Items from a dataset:
....

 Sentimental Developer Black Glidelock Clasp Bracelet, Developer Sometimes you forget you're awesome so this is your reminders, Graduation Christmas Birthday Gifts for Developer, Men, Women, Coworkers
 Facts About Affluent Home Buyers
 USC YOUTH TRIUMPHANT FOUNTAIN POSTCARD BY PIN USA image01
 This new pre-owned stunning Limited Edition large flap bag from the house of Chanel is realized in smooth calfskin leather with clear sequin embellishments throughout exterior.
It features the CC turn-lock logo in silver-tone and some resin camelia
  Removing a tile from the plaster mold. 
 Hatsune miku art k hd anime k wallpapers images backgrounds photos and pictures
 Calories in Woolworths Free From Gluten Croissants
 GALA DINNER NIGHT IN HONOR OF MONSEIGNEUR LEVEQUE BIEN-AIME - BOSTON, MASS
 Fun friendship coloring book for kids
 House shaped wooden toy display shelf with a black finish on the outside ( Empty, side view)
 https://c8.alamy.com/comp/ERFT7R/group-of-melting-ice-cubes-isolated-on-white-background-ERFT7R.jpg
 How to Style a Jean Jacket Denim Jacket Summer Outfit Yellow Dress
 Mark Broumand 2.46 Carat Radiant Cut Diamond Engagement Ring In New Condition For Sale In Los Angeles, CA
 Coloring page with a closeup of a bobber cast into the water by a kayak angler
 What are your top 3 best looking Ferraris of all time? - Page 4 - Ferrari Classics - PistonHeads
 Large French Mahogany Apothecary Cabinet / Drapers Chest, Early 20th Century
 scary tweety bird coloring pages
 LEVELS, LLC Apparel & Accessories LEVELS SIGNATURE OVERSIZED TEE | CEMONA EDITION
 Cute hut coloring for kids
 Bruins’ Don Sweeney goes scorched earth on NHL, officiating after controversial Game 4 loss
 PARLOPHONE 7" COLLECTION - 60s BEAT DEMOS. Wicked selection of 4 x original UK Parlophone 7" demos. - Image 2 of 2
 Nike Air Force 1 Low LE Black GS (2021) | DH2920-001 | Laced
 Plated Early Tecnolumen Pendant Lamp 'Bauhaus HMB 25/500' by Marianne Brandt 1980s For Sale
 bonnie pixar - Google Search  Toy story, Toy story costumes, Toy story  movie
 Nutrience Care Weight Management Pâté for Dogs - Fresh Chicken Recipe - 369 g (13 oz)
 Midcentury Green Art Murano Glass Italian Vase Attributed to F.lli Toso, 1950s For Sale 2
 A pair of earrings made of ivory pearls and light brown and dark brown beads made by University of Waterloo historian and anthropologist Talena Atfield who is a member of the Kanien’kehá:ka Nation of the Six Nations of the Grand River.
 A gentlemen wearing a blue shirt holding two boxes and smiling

....

§ **Work item**
If a line in the data holds the string "Sale", copy that line.

§ **Task solution**
 Mark Broumand 2.46 Carat Radiant Cut Diamond Engagement Ring In New Condition For Sale In Los Angeles, CA
 Plated Early Tecnolumen Pendant Lamp 'Bauhaus HMB 25/500' by Marianne Brandt 1980s For Sale
 Midcentury Green Art Murano Glass Italian Vase Attributed to F.lli Toso, 1950s For Sale 2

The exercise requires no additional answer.